实现:
首先基于topic,创建出kafka的DStream流
val sparkConf = new SparkConf().setAppName(appParams.appName)
val sc = new SparkContext(sparkConf)
val streamingContext = new StreamingContext(sc, Seconds(appParams.batchProcInterval))
val kafkaParams = Map[String, String]("metadata.broker.list" -> appParams.brokers)
val messages = KafkaUtils.createDirectStream[String, String, StringDecoder, StringDecoder](streamingContext, kafkaParams, Set[String](appParams.messageInTopic))
创建时间窗:
val windows = messages.map(_._2).window(Seconds(appParams.windownTime), Seconds(appParams.windownTime))
针对每个时间窗做计算
windows.foreachRDD { rdd =>
......
}
每个时间窗内部的处理:
创建case class
case class Record(channelid: String, starttime: Long)
创建sqlContext
val sqlContext = SQLContext.getOrCreate(rdd.sparkContext)
import sqlContext.implicits._
将当前消息流转换成DataFrame:
val df = rdd.map(_.split("\\|")).map(line => Record(line(5), line(2).toLong)).toDF()
注册成一张表:
df.registerTempTable("UserPlayChannel")
读取parquet数据,注册成另一张表:
val paraquetFile = sqlContext.read.parquet(filePath)
paraquetFile.registerTempTable("ProgramMetaData")

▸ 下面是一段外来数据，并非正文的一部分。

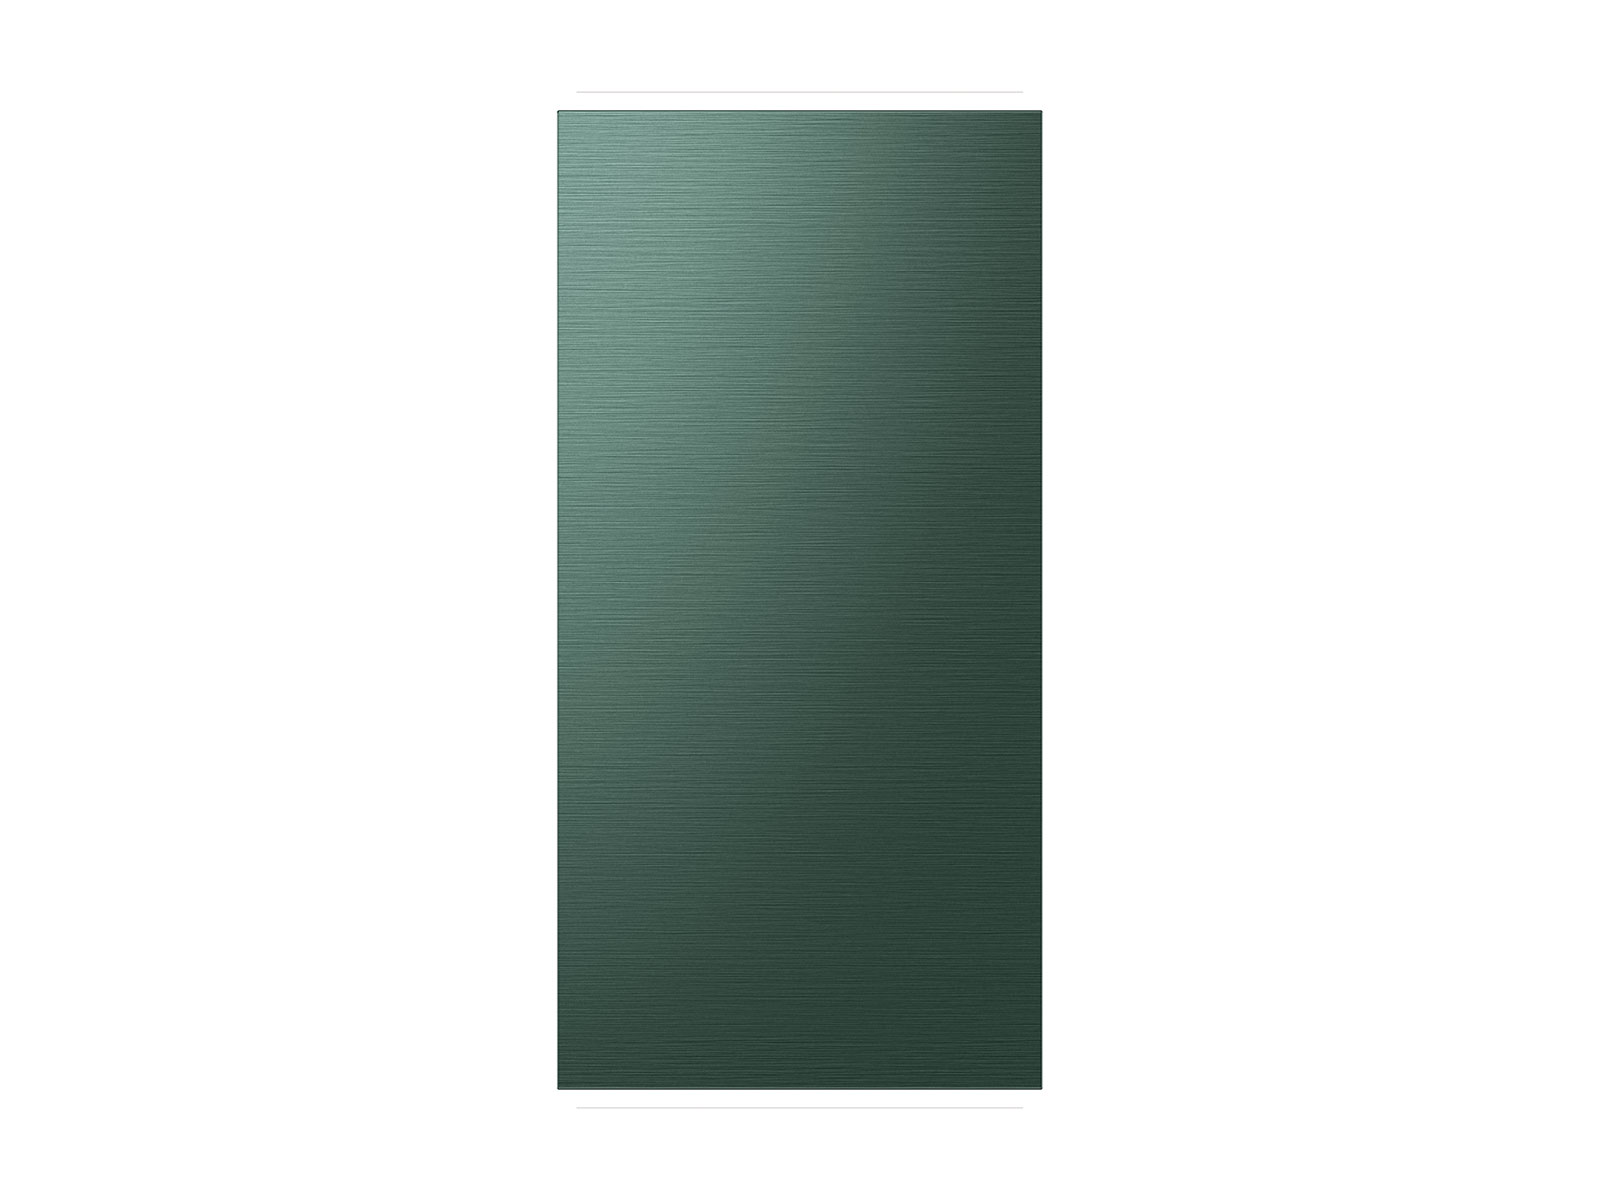 Photos - Fridge Samsung Bespoke 4-Door French Door Refrigerator Panel in Emerald in Green

现在有了两张表,关联查询只需要写好sql语句就可以了,样例:
select b.programid , count(b.programid) as count from UserPlayChannel a join ProgramMetaData b on a.channelid = b.channelid and a.starttime >= b.starttime and a.starttime <= b.endtime group by b.programid order by count DESC
代码执行:
val hotProgramList = sqlContext.sql("select b.programid , count(b.programid) as count from UserPlayChannel a join ProgramMetaData b on a.channelid = b.channelid and a.starttime >= b.starttime and a.starttime <= b.endtime group by b.programid order by count DESC")
现在hotProgramList就是关联查询出的结果。